Newsletters, Summer 2014|

By Kimberly Tan, ’17

Summer 2014 marks the final pilot year of the SIG Stipends Program, a new effort to provide funding for students with backgrounds not traditionally supported by SIG and who identify unpaid public policy opportunities. Given the program’s resounding success, SIG is excited to continue to strengthen the program and strive for sustainable program funding.

Stanford students are frequently discouraged from applying for, or accepting, policy internships since they are often unpaid. By funding these internships, the Stipends Program aims to encourage students to consider pursuing public policy opportunities instead of paid, private-sector ones. Consequently, the program primarily targets freshmen and sophomores, students with financial need, and students majoring in fields that do not often lead to careers in public policy.
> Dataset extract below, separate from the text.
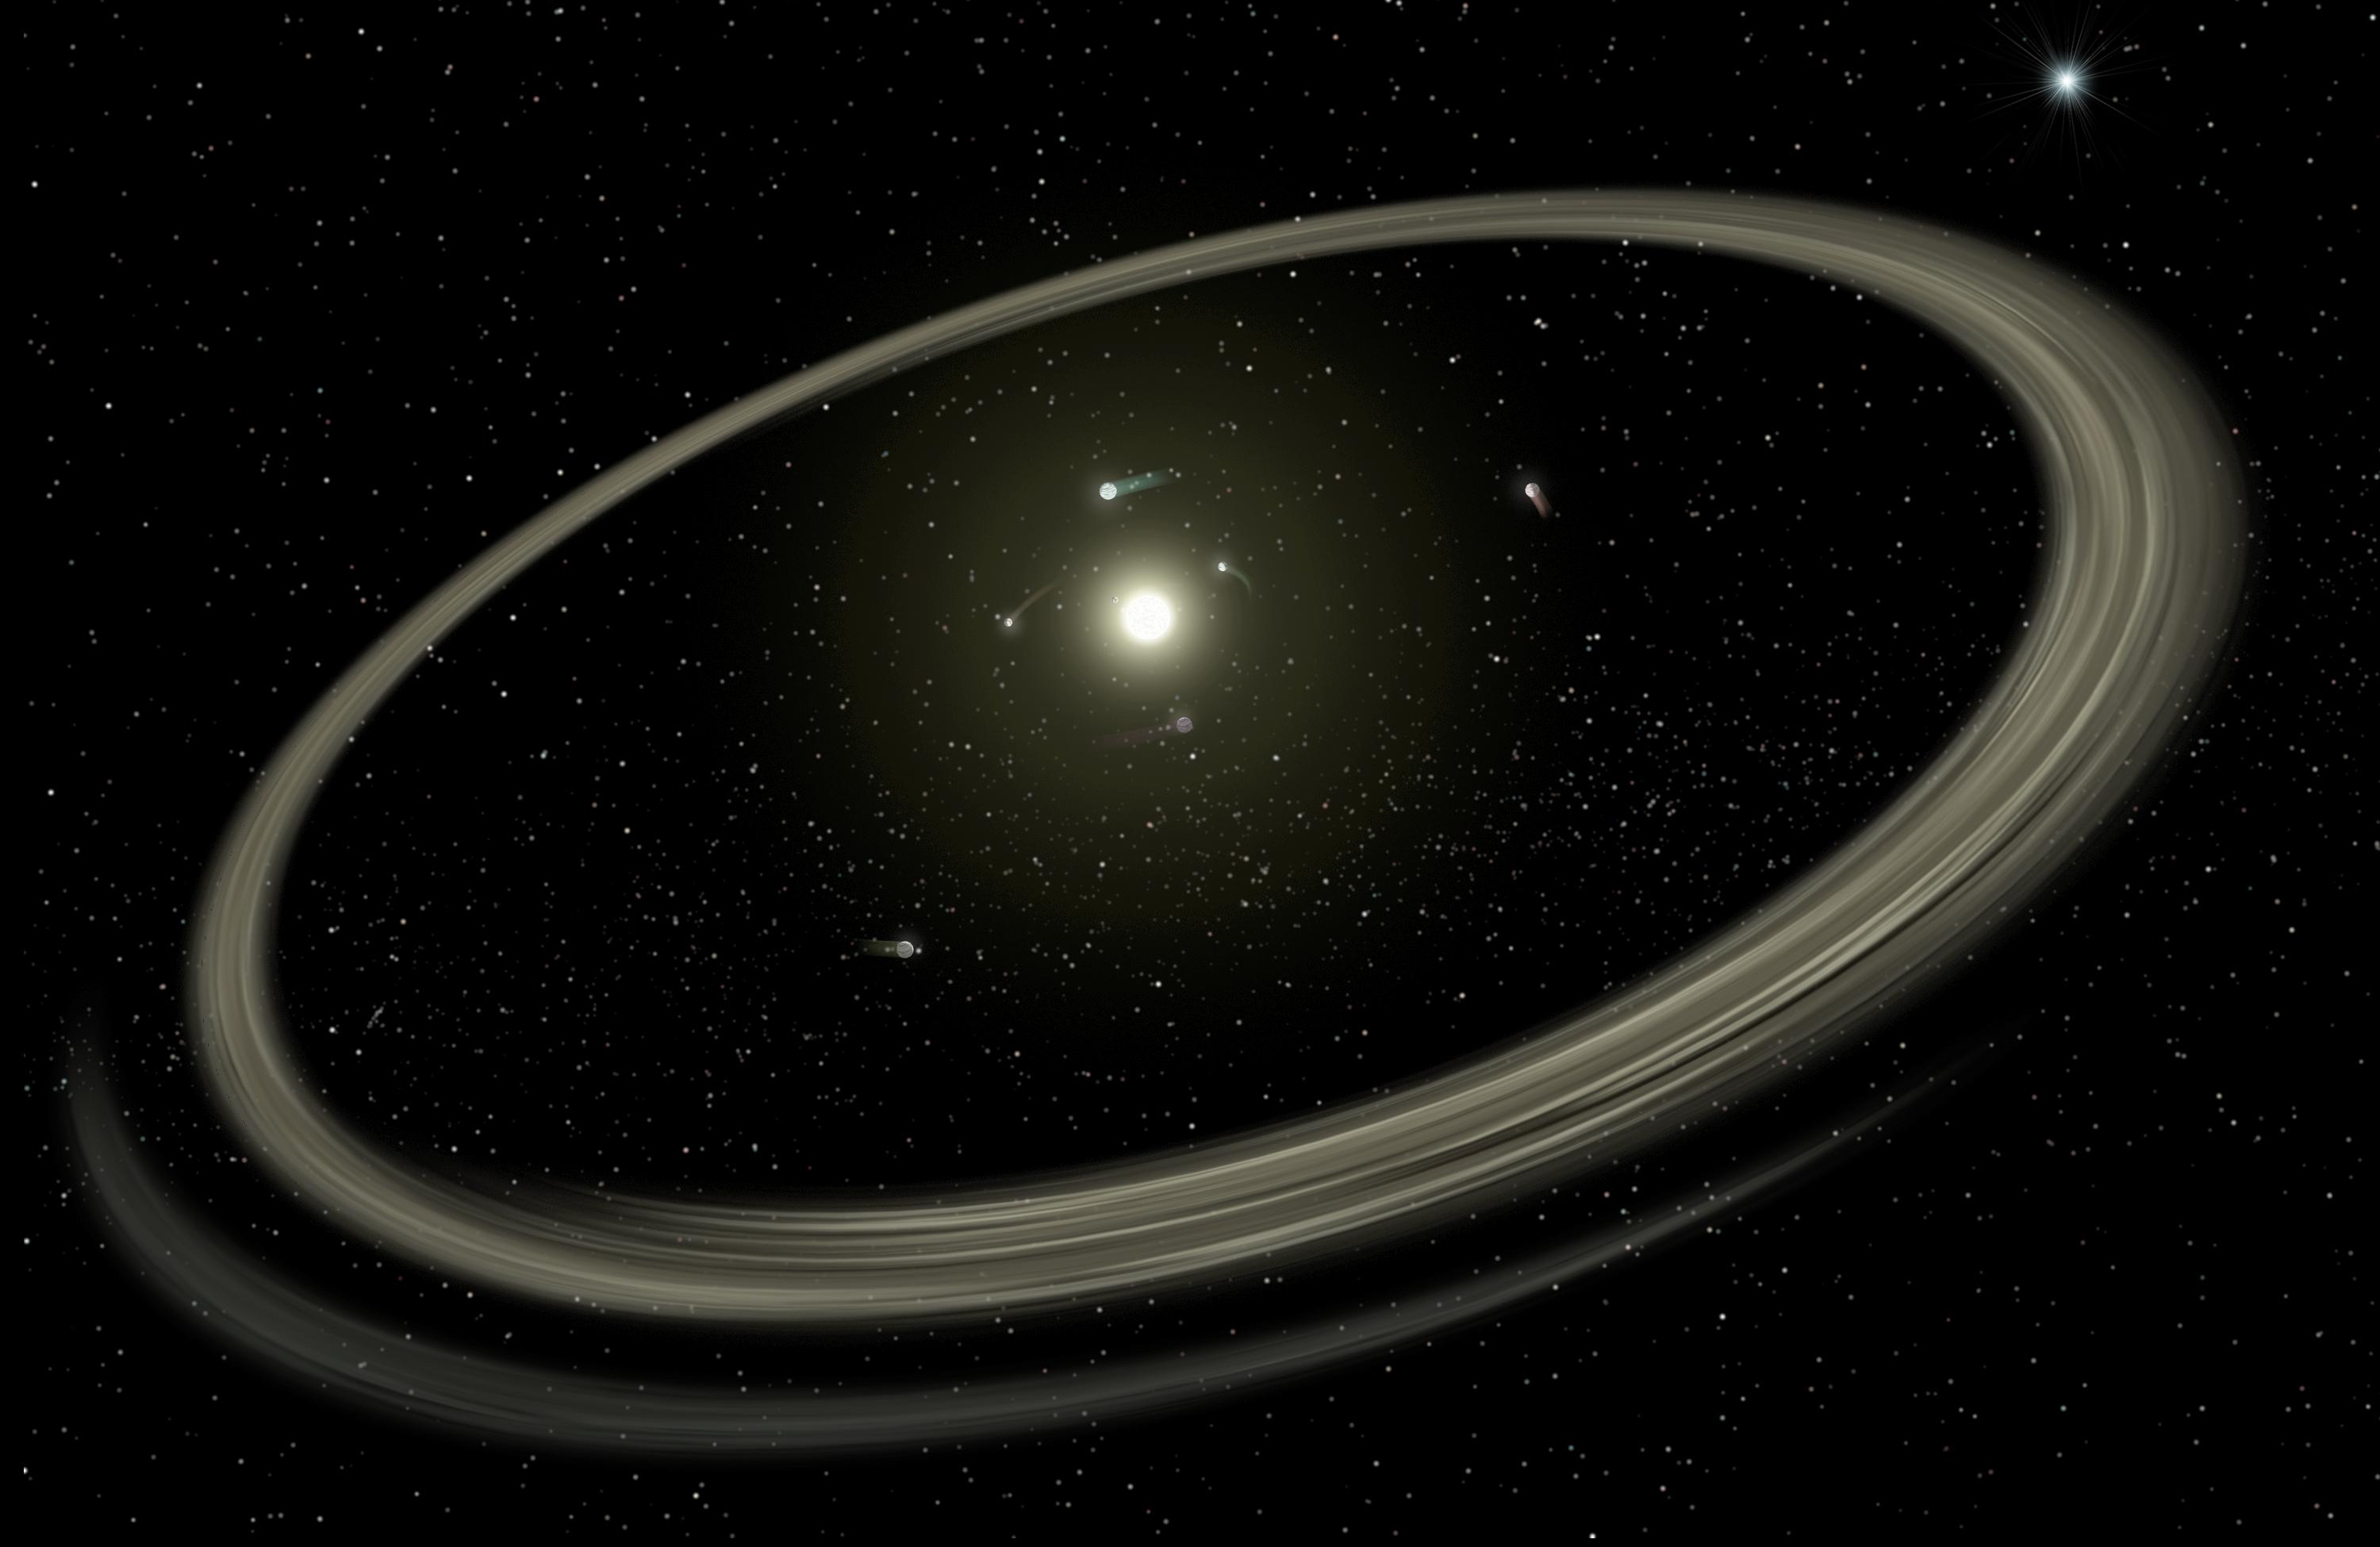 A small star at the center of a large ring in space

The SIG Stipends Program received a record 62 applications this year. The applicants hailed from all four years with majors in 23 different fields, including engineering, physics, chemical engineering, human biology, philosophy, symbolic systems, earth systems, and comparative studies in race and ethnicity. Applicants were also minoring in 23 fields, including civil engineering, creative writing, and religious studies.

Applicants’ prospective internships were located in 13 different countries and were equally diverse, ranging from the Ministry of Natural Resources and Energy in Swaziland to the United States Embassy in Beijing to the U.S. Department of the Treasury in Washington, D.C.

Due to the financial burden of an unpaid internship, the majority of the students selected would not have been able to accept their internship without the stipend.

In the next three years, SIG hopes to expand the SIG Stipends Program in a variety of ways. First, it hopes to increase the number of applicants through additional advertising on campus, especially in areas still underexposed to policy. In addition, it hopes to increase the number of stipends awarded so that a greater number of students can experience rewarding policymaking internships. Lastly, SIG hopes to ease the process of finding policy internships by helping to connect students with placement opportunities.

With these efforts, SIG anticipates that the program will become a significant presence on campus—one that inspires many future students to explore opportunities in the policy world.